• _EXERCISE DATA_
*** Begin section ***
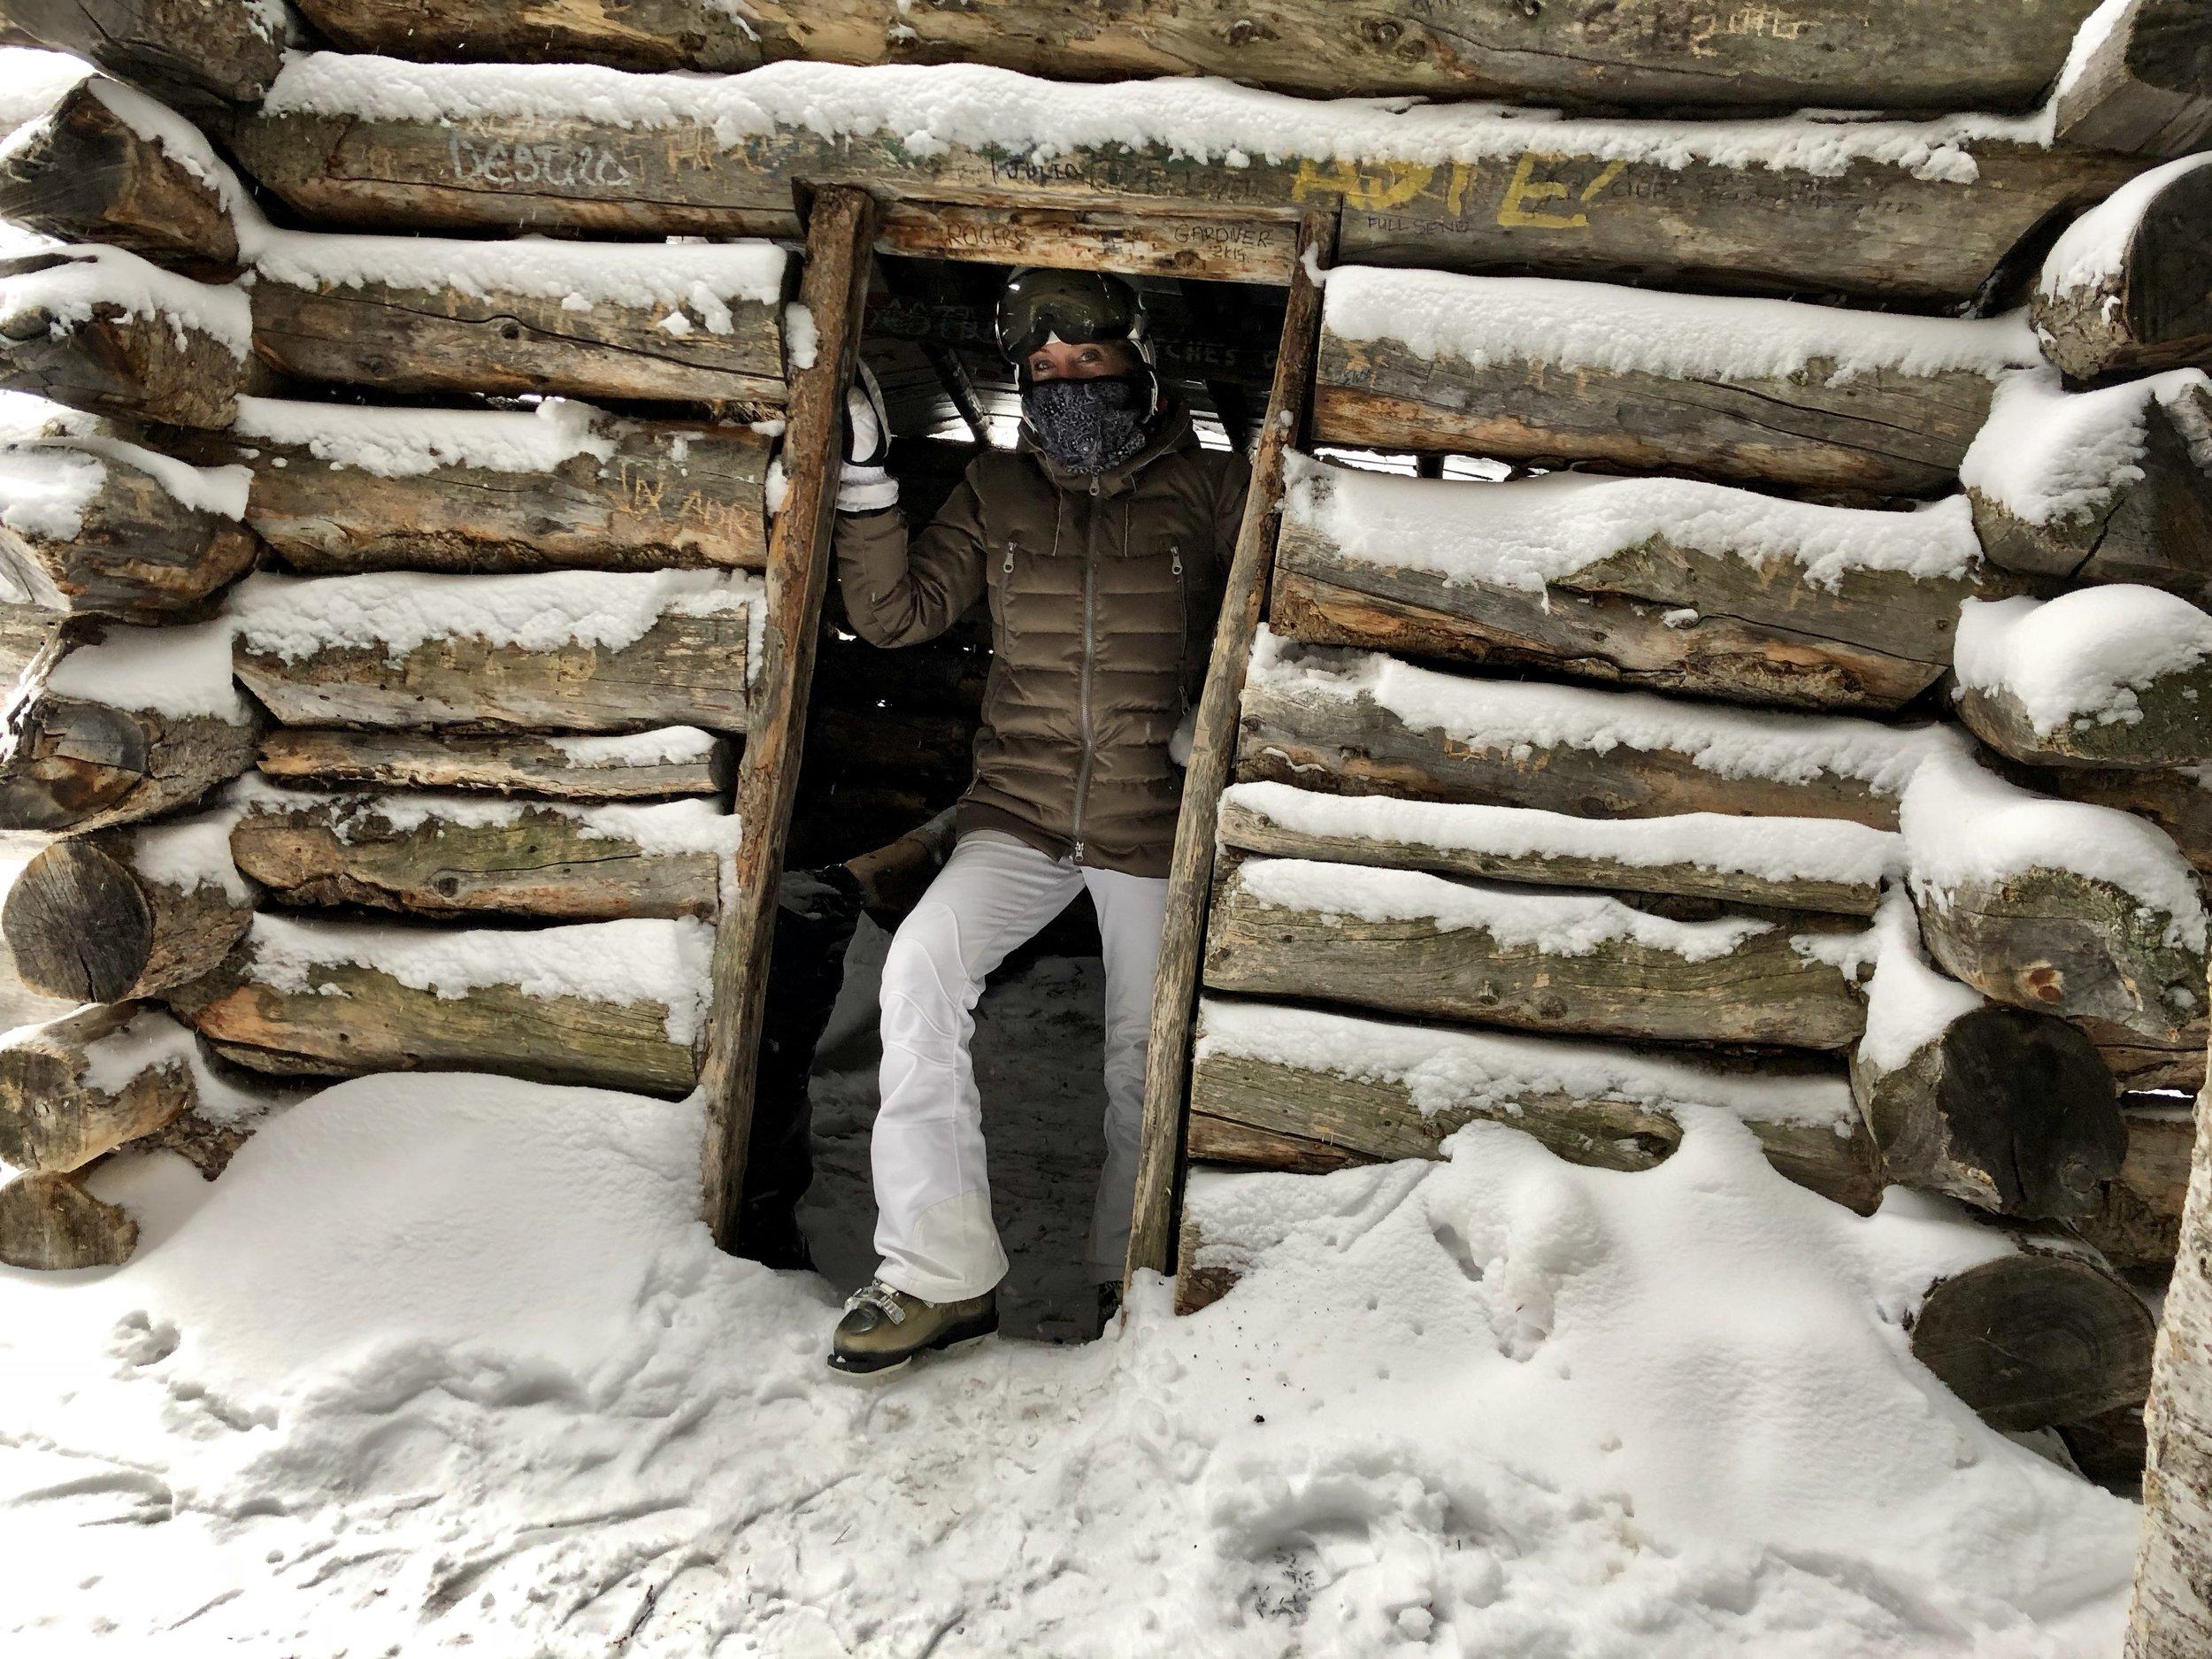 Secret hut off the beaten path...
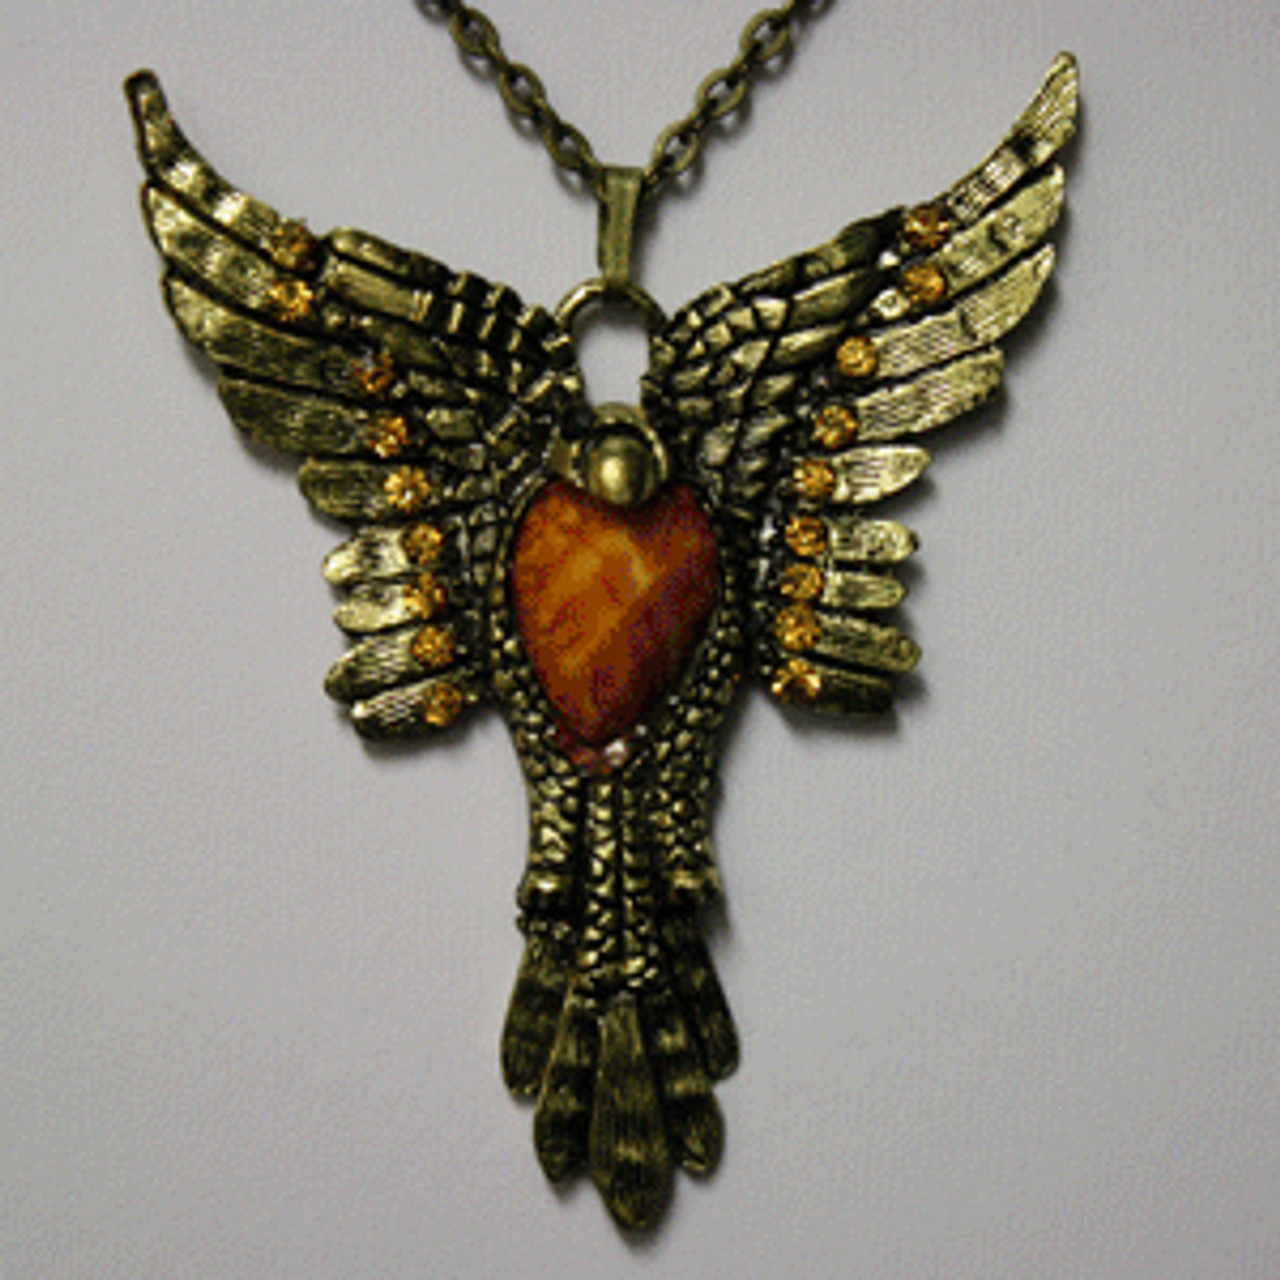 Eagle necklaces
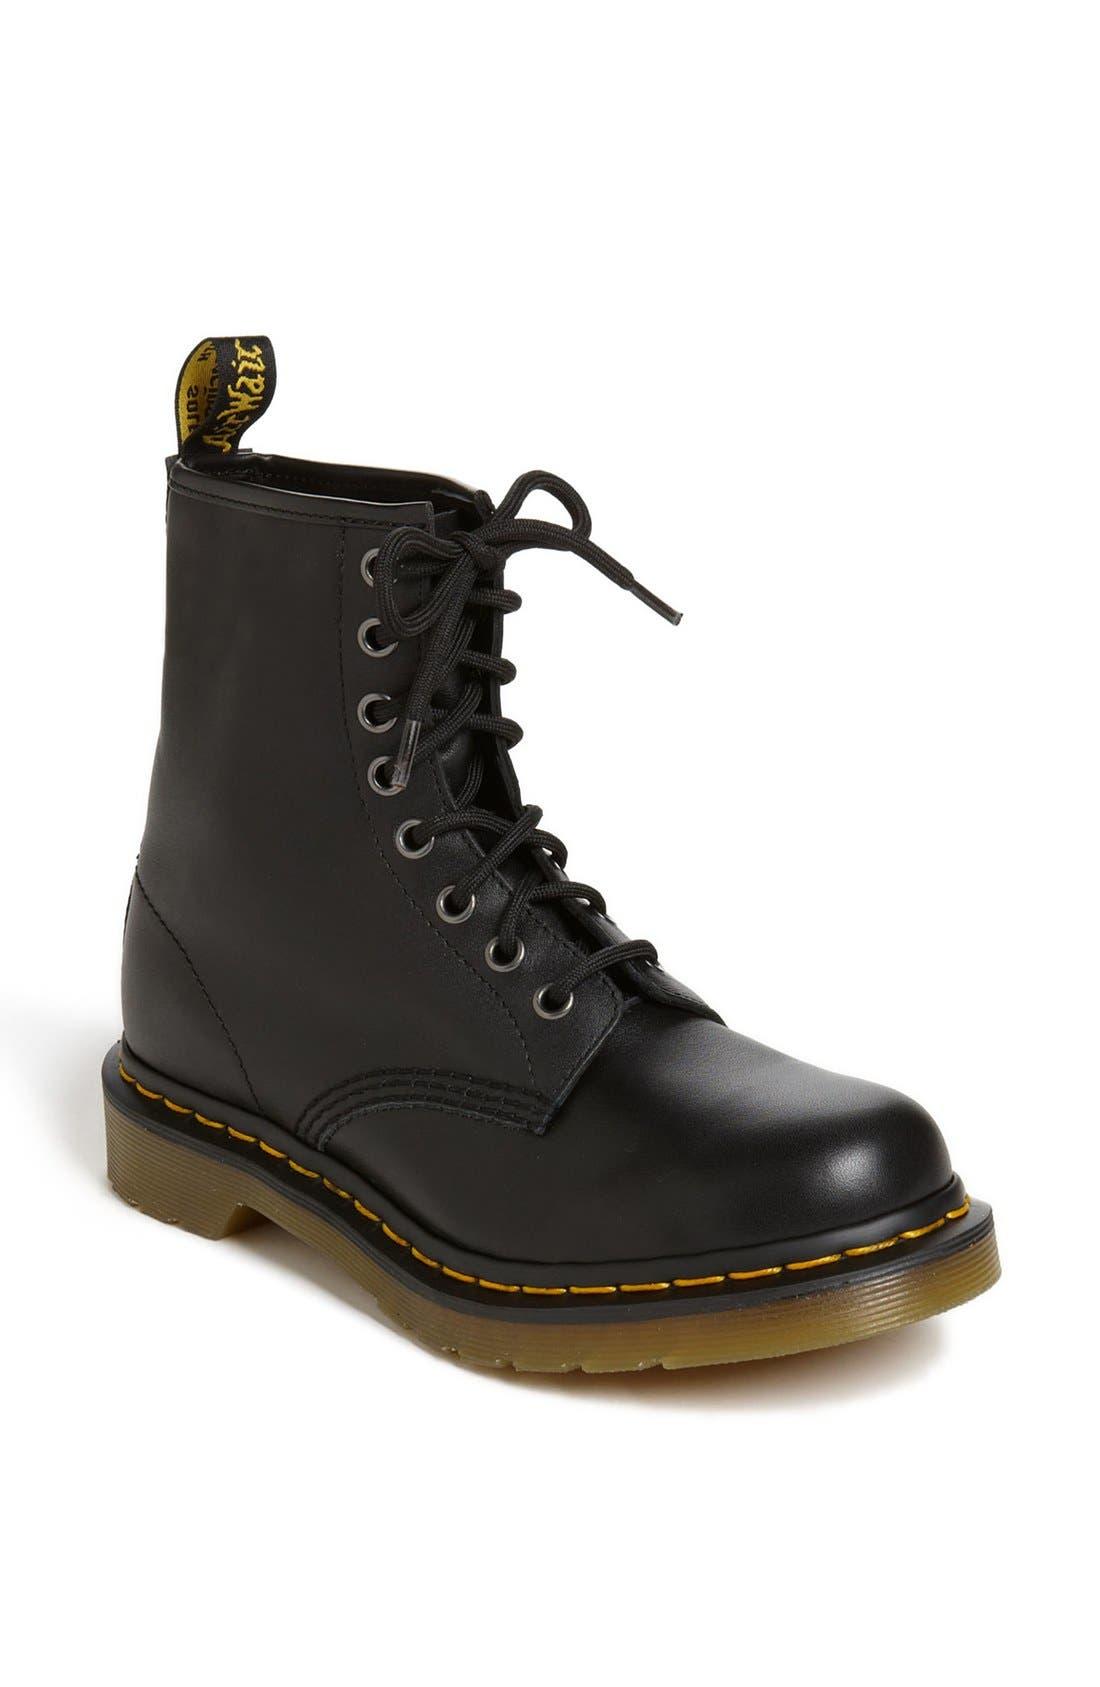 1460 W Boot,                             Main thumbnail 1, color,                             002
*** End section ***
• _YOUR INSTRUCTIONS_
Please set the data above down exactly, with the pictures removed.

• _YOUR SOLUTION_
 Secret hut off the beaten path...
 Eagle necklaces
 1460 W Boot,                             Main thumbnail 1, color,                             002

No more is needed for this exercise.